Fellow wildlifers, please join us at the 2019 annual meeting of our section to be held at the Tenaya Lodge at Yosemite in Fish Camp, California.   We have a wonderful slate of activities, networking events, and professional paper sessions scheduled that we are sure you will not want to miss.

Our theme and plenary session topic this year is “Death And Taxas: Extinction and Speciation During the Anthropocene.”  We find ourselves faced with death, the plight of declining to extinct taxa, the discovery of new taxa, and the rediscovery of taxa thought to be extinct. Extirpation, recovery, extinction, and rewilding: one thing they have in common is humans, one thing that differentiates them is the passage of time. To reach extinction, to resort to rewilding, means we’ve waited too long. In the Anthropocene, time is money, and the costs to rebuild a species from genes and spare parts can be exponentially greater than those necessary to manage a species in decline.  These are sobering thoughts in trying times, but the challenges are not insurmountable. Even as science marches forward, there is still time to remember the past so that we are not condemned to repeat it.

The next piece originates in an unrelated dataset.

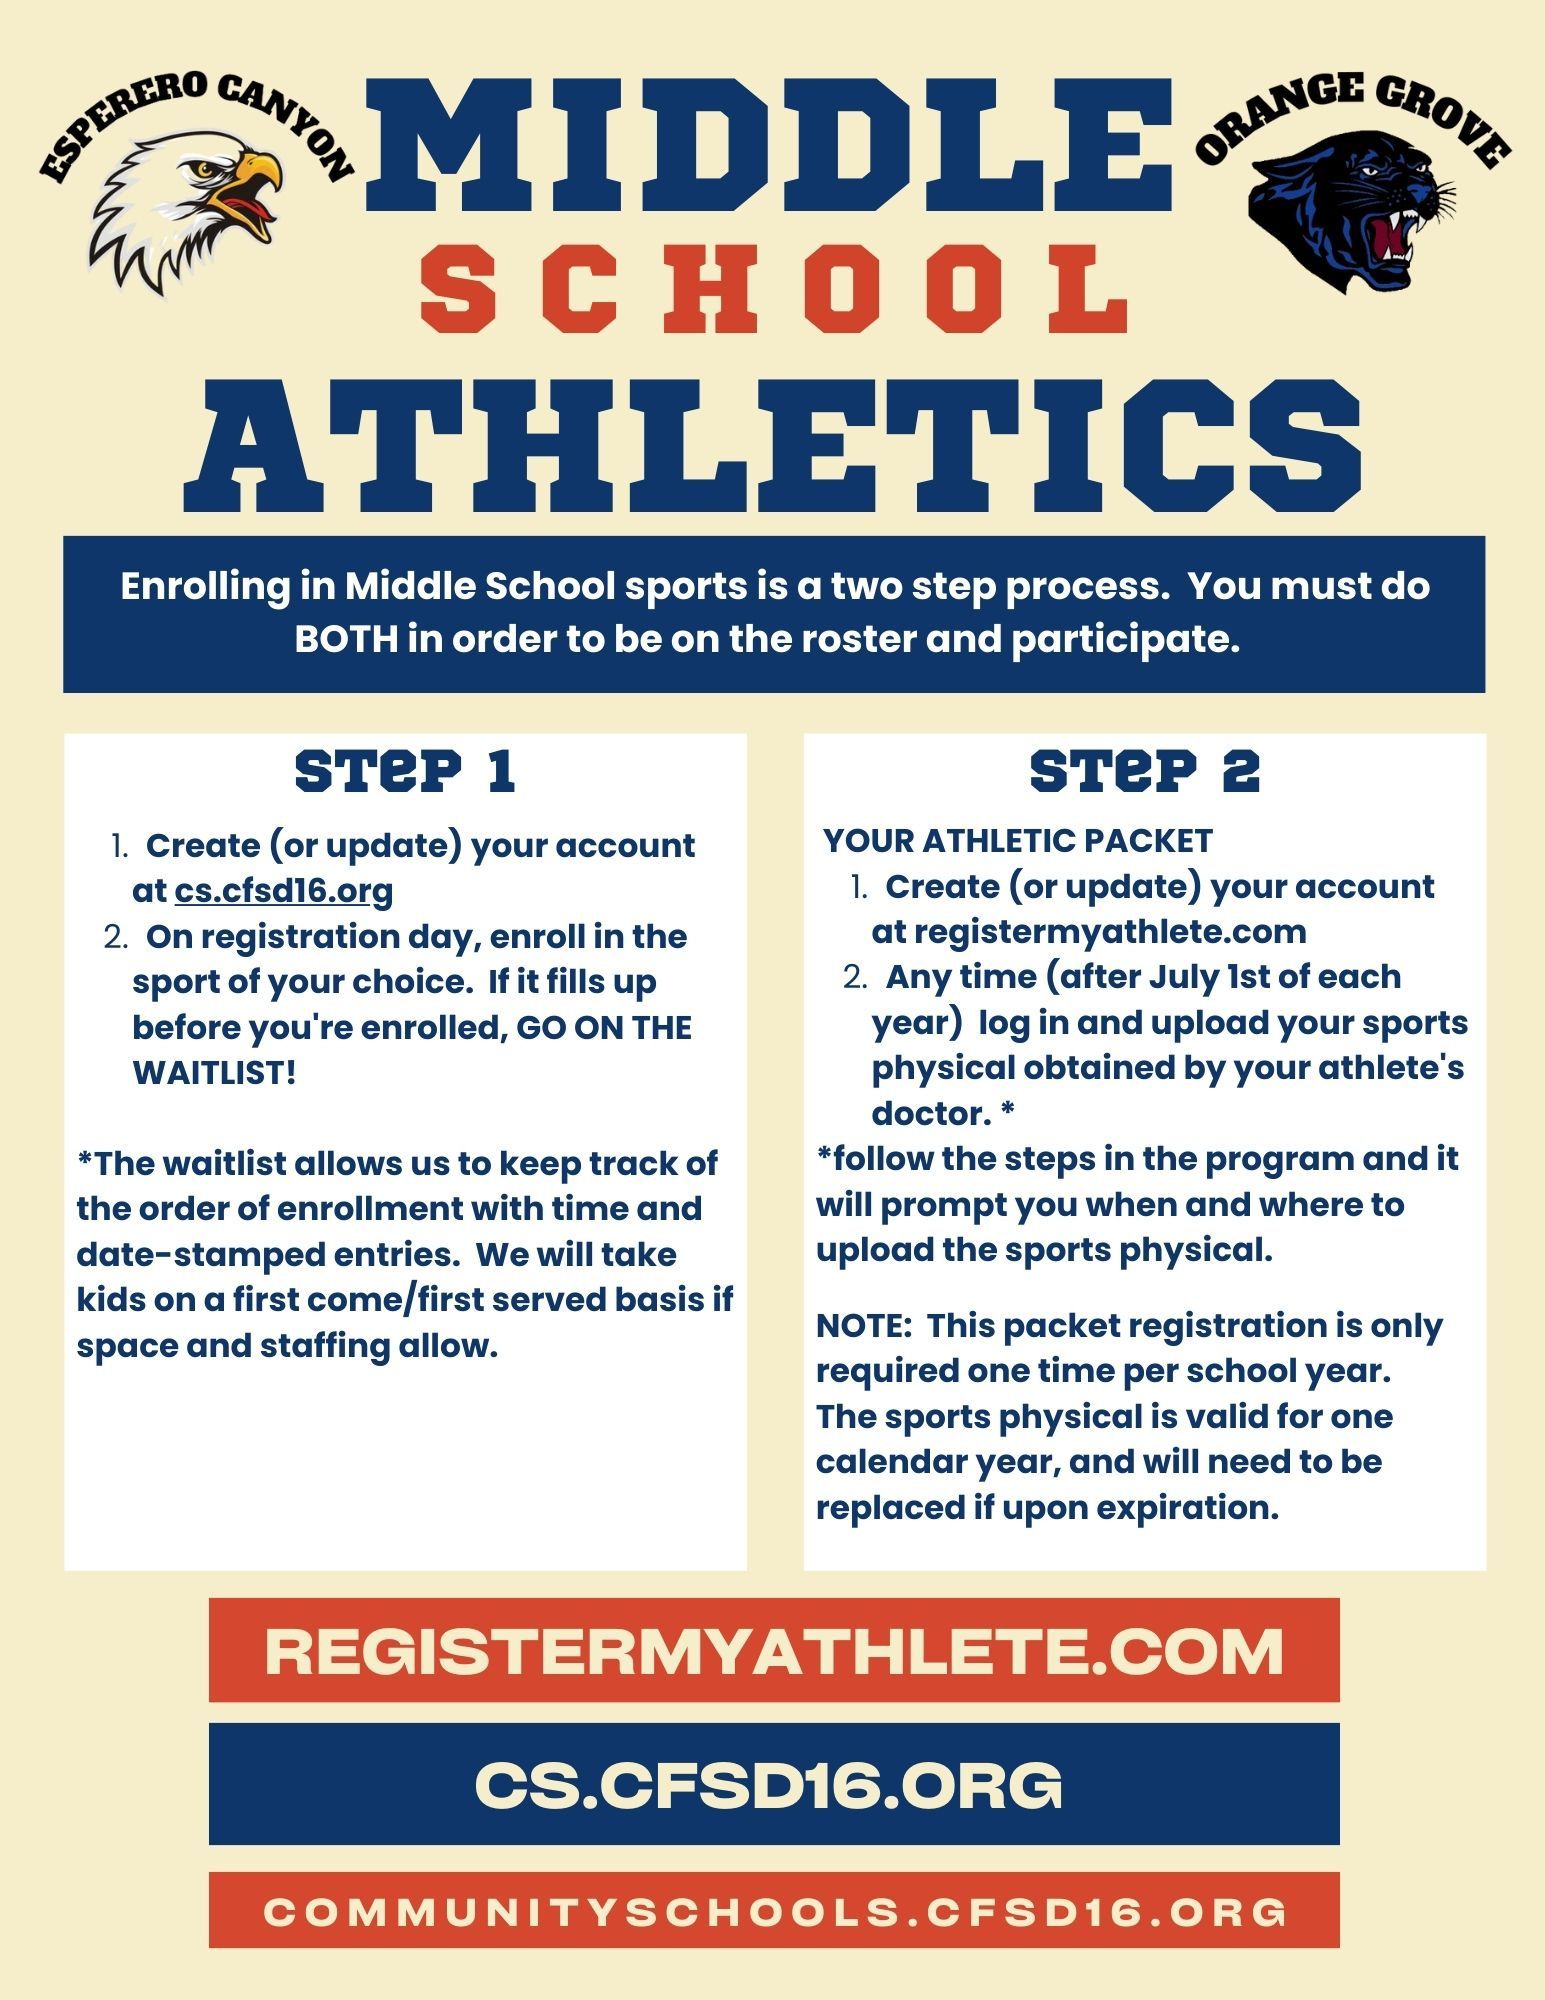 Image showing instructions for participating in middle school athletics. Step 1:   Create (or update) your account at cs.cfsd16.org   Then, on registration day, enroll in the sport of your choice.  If it fills up before you're enrolled, GO ON THE WAITLIST!	*The waitlist allows us to keep track of the order of enrollment with time and  date-stamped entries.  We will take kids on a first come/first served basis if space and staffing allow.  Step 2:  YOUR ATHLETIC PACKET -  Create (or update) your account at registermyathlete.com   Any time (after July 1st of each year)  log in and upload your sports physical obtained by your athlete's doctor. *  *Follow the steps in the program and it will prompt you when and where to upload the sports physical.   NOTE:  This packet registration is only  required one time per school year.   The sports physical is valid for one calendar year, and will need to be replaced upon expiration.  Enroll at cs.cfsd16.org  Upload your athletic packet at registermyathlete.com  More info at communityschools.cfsd16.org  Questions?  Call 520-209-7562

These are the questions we’ll be exploring, using case studies from the past – the elephant seal, California condor, Xerces blue butterfly – to inform crises in the present – Sierra Nevada red fox, Lange’s metalmark butterfly, mountain yellow-legged frog.

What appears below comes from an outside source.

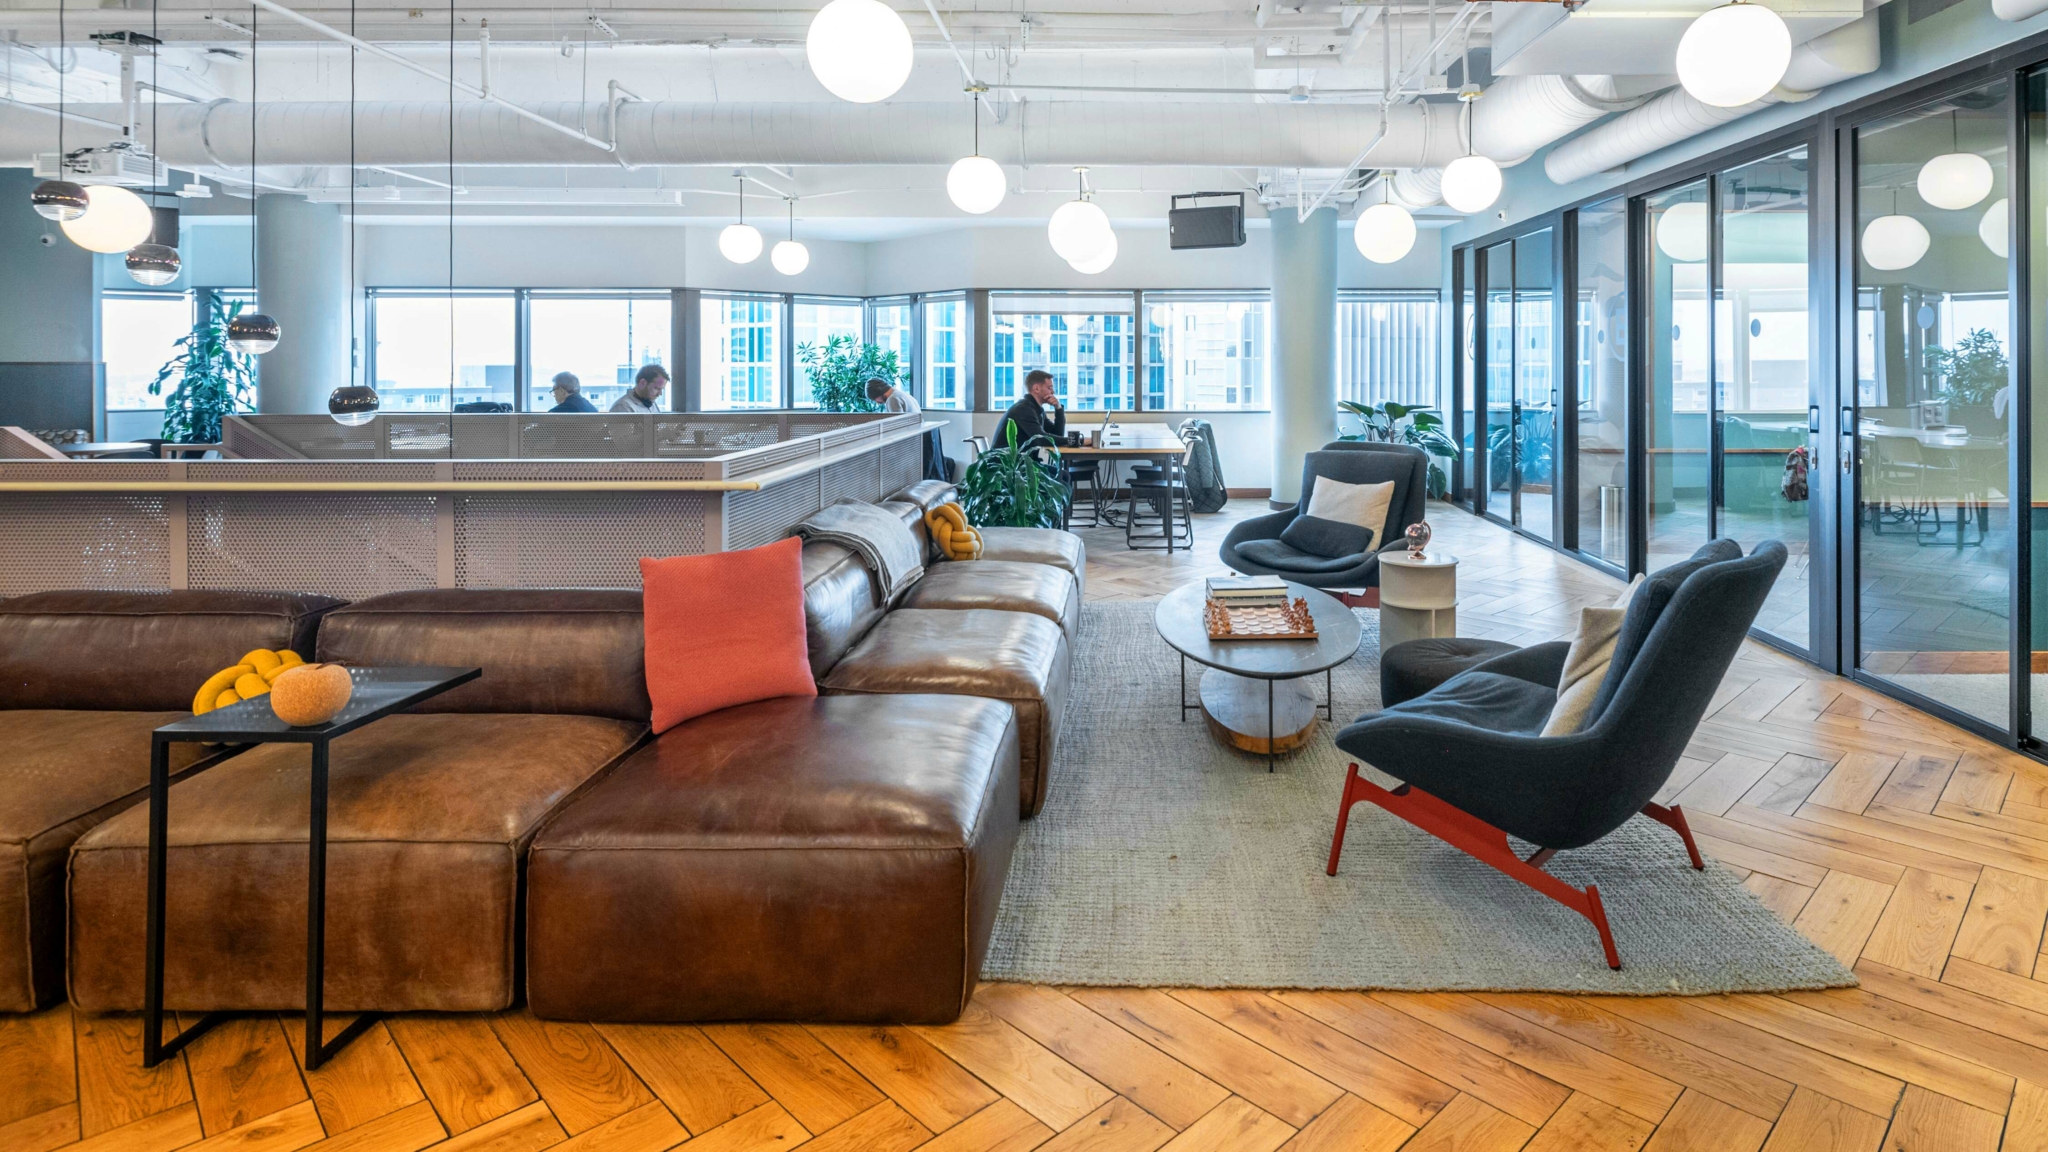 Boston Consulting Group Opens First-Ever Office in Nashville at WeWork -  WeWork Newsroom

TWS meetings provide many opportunities!    Present your research, learn from others, learn about the society, and network.  We hope you are able to join us to establish future collaborations, generate new ideas, and reinvigorate your enthusiasm for wildlife conservation as well as make new friends and colleagues.  We hope you will share your time with us and help us build a stronger Western Section of TWS.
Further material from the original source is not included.